The concept: One vehicle, a variety of demands
Four-wheel drive is a must for the roads of Africa, the majority of which are not paved. The team also decided on an electric power train. “An electric drive is not only greener, but is also the better solution in technical terms, since it is low-maintenance and can apply its full torque directly to accelerating from a stop,” says Martin Šoltés, who shares leadership of the project with Sascha Koberstaedt at the Chair of Automotive Technology.
The vehicle is primarily intended for transporting passengers and cargo, with a total load capacity of one ton. The battery offers a variety of other possible applications, either as an energy source or as a drive for high-consumption applications, for example as a winch. A number of various moduls have been designed for the cargo bed which can be used on a modular basis. Additional modules can turn the vehicle for example into a mobile physician's office or a water treatment station.
The 20 kWh battery capacity gives the vehicle an electric range of 80 kilometers. The battery can be loaded from an ordinary 220 volt household wall socket within 7 hours. Solar modules mounted on the roof of the aCar gather energy throughout the day. Optional solar collector sheets can be unrolled to significantly increase the amount of solar energy produced for self-contained battery charging.
“Of course we'll have to import high-tech components such as the battery and the electric motors in the beginning,” says Martin Šoltés. In future, as many of the aCar's components as possible are to be manufactured on location, in order to strengthen local economies. In order to make the automobile affordable for people on location, the price for the basic vehicle in Africa is to be kept under 10,000 Euros on a long-term basis. “Cast nodes and simple bolted construction enable simple manufacturing processes with very low investment costs,” says Prof. Wolfram Volk, head of the Chair of Metal Forming and Casting.
First prototype: Technology testing and user studies
The scientists produced the first prototype in May 2016 and conducted initial tests in Germany. However, to make sure the aCar also meets all the demands placed on it on location, they shipped the vehicle to Ghana, where they tested the technology and concept under local conditions in July 2017.

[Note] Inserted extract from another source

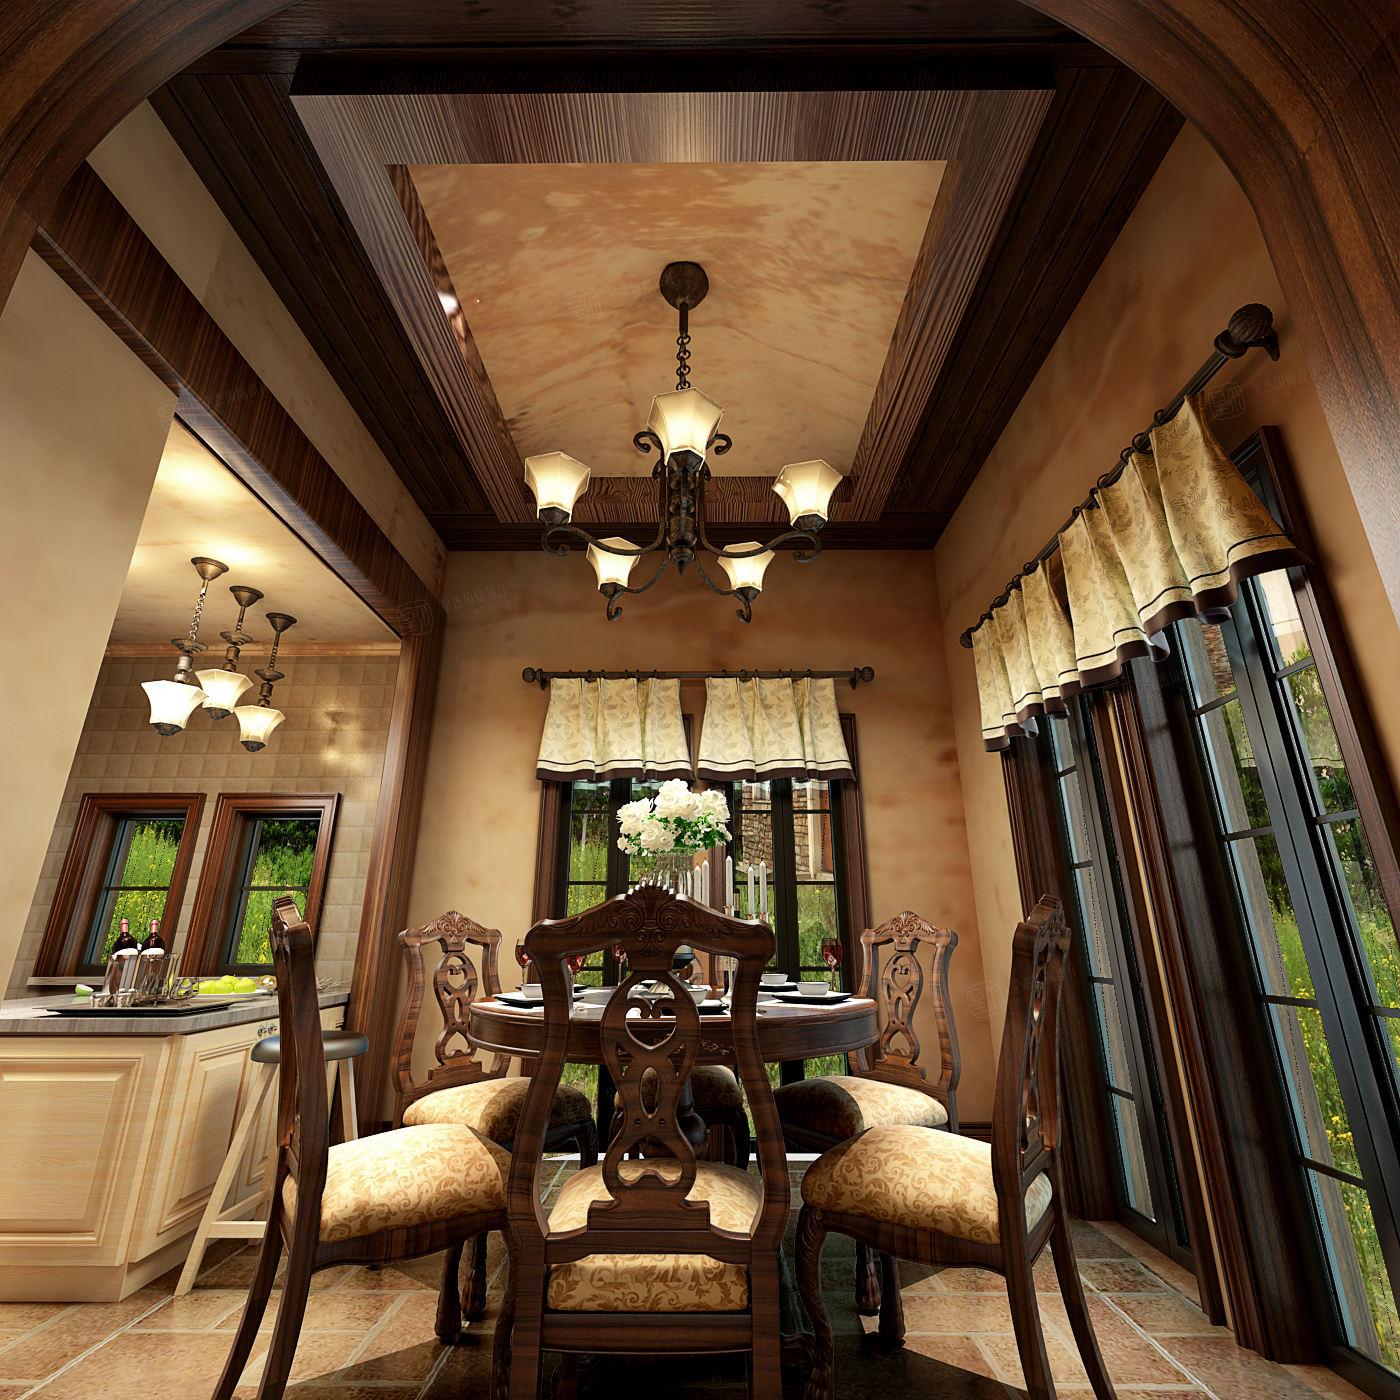 同润圣塔路斯 异域风情装修餐厅效果图

The aCar passed all the tests with flying colors. “It spent six weeks in a container on its way there, we unloaded it, switched it on and it functioned perfectly all the way to the last day of testing,” says Sascha Koberstaedt. The team also asked locals to drive the car; they were thrilled by the “Solar car”. Another important point was testing the impact of the higher temperatures and air humidity on the electric systems. “We gathered a lot of data which we now have to evaluate,” says Koberstaedt. “But we can already say that the aCar fulfills all the necessary requirements and has even exceeded our expectations.”
New prototype: Modern design, optimized technology
Now they present their new prototype at the IAA (Hall 4.1, stand A11). The car is characterized by an unembellished, clear and modern design. “The challenge was to develop an appealing, functional and high-quality vehicle, while at the same time maintaining simple production methods and low manufacturing costs,” explains Prof. Fritz Frenkler, head of the TUM Chair of Industrial Design. “Reducing everything to the essentials resulted in a modern and thus long-lasting design.”

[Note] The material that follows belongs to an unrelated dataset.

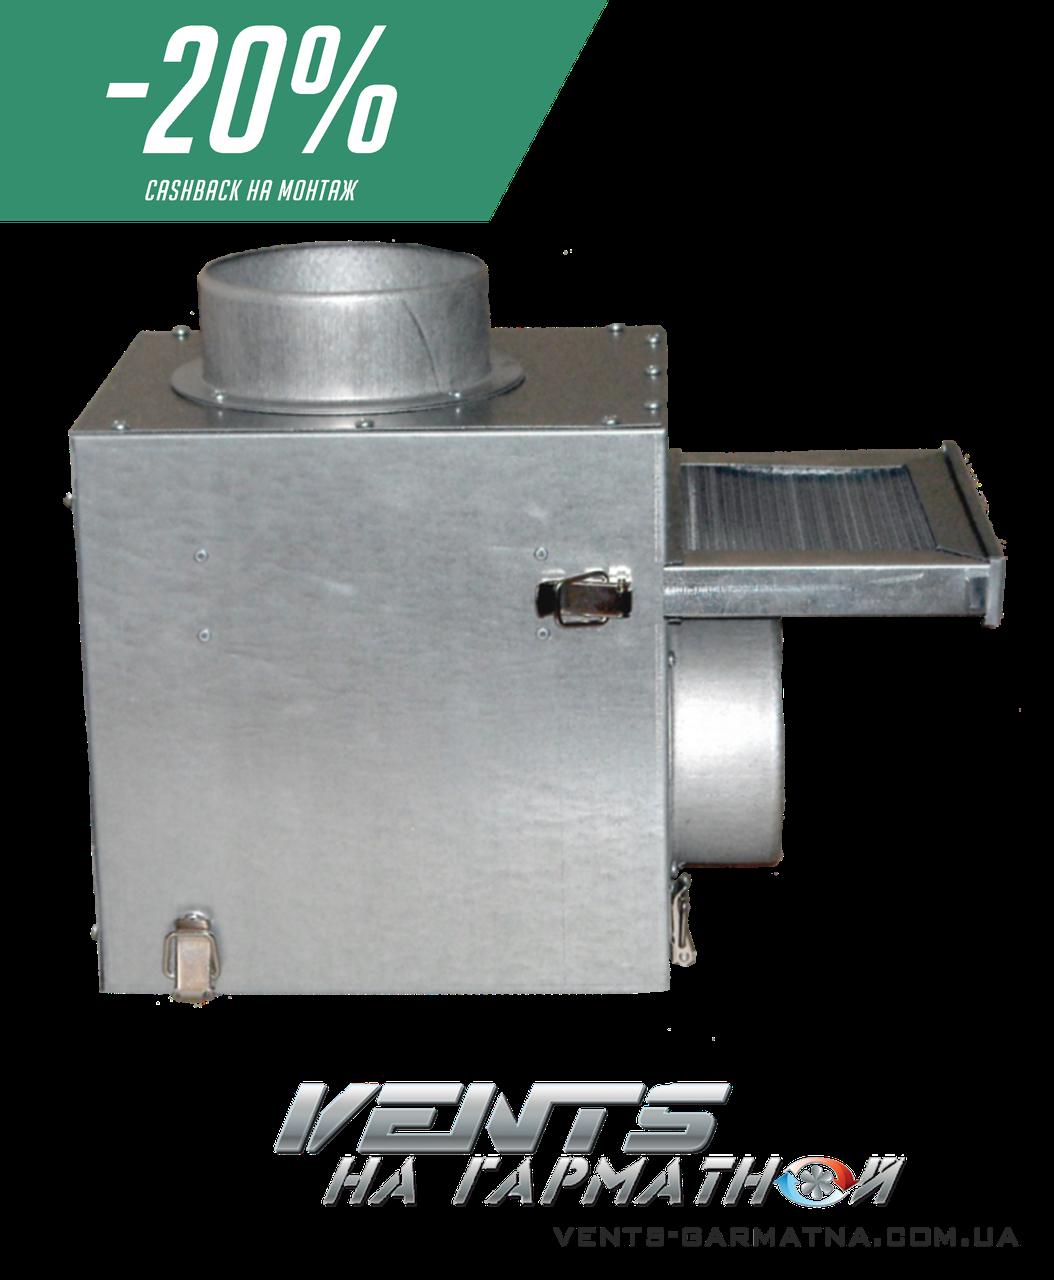 Вентс КФК 150. Смесительная камера со встроенным терморегулятором

The aCar has also undergone considerable further technical developments. The team was working among other things on optimizing weight, on electrical systems and software, acoustics and ergonomic seating and visibility.
Model factory in Germany for the first vehicles
To make sure the idea of the aCar becomes more than just an idea and actually makes it to series production, Sascha Koberstaedt and Martin Šoltés have founded the company “Evum Motors GmbH”. The first vehicles are to be manufactured in a model factory in Europe. “We'll have to master all the technical procedures before the car can be made in Africa. Then we can train people from Africa who can in turn pass on their knowledge there.”

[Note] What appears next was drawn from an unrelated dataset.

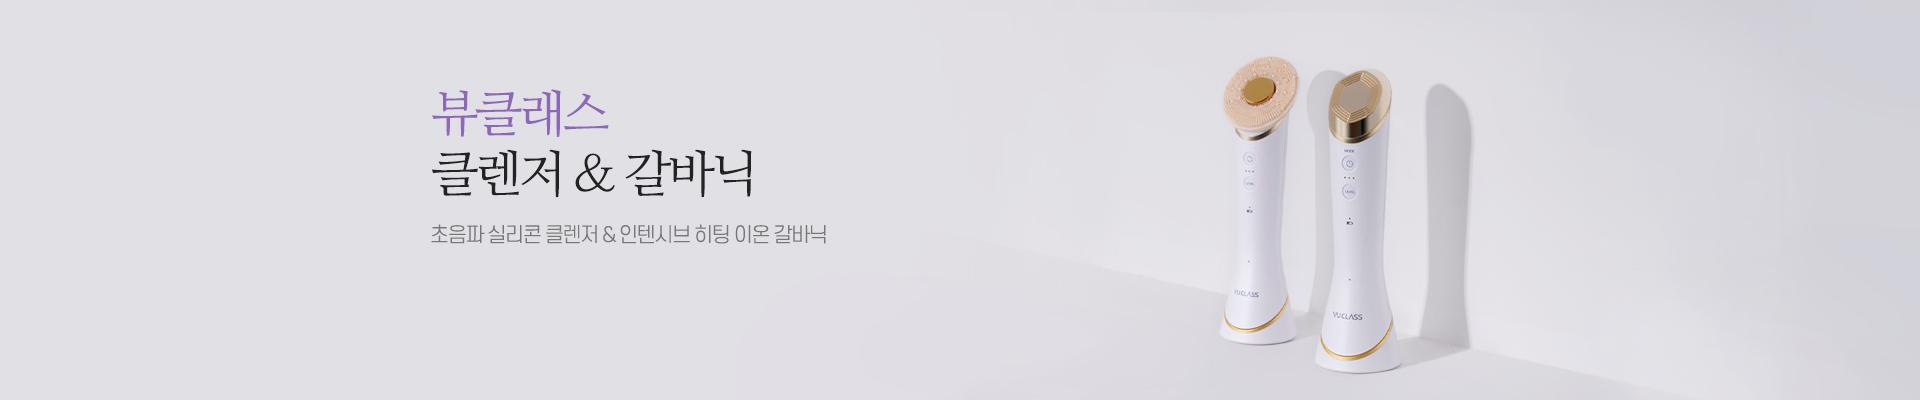 초음파 실리콘 클렌저&인텐시브 히팅 이온 갈바닉

The aCar is an electric four-wheel drive utility vehicle. These specifications make it not only excellently suited for use in Africa, but also for anyone looking for a no-emission transport solution. Thus for example it could be used in urban operation for transport purposes, in maintaining urban parks and gardens and in agricultural settings such as alpine meadows and vineyards. Compared to its competition, the purely electric aCar is significantly more cost-efficient and uses the most modern battery and power train technology.
Power output: 2 x 8 kilowatts; Electric drive range: 80 kilometers; EU vehicle classification: L7e; Voltage level: 48 volts; Battery capacity: 20 kWh; Top speed: 60 km/h; Tare weight: 800 kg; Load capacity: 1000 kg; Length: 3.7 m; Width: 1.5 m; Height: 2.1 m; Seating capacity: 2
About the project:
The project “aCar mobility - Rural mobility in developing countries”, supported by the Bavarian Research Foundation, involves the TUM Chairs of Automotive Technology, Metal Forming and Casting, Industrial Design as well as Strategy and Organization. The Rosenheim University of Applied Sciences (Hochschule Rosenheim) and the University of Bayreuth are scientific partners in the project. In addition, seven industry partners are participating in the project: African Health & Agricultural Foundation, Dräxlmaier Group, Hirschvogel Automotive Group, McKinsey & Company Inc., Otto SPANNER GmbH and Schnupp GmbH & Co. Hydraulik KG. The concept of the vehicle was developed together with scientific partners in Nigeria, Ghana, Kenya and Tanzania, the Federal University of Technology, Owerri (FUTO) Nigeria, the Kwame Nkrumah University of Science and Technology (KNUST) Ghana, the Dedan Kimathi University of Technology (DeKUT) Kenya and the St. Augustine University of Tanzania (SAUT) Tanzania.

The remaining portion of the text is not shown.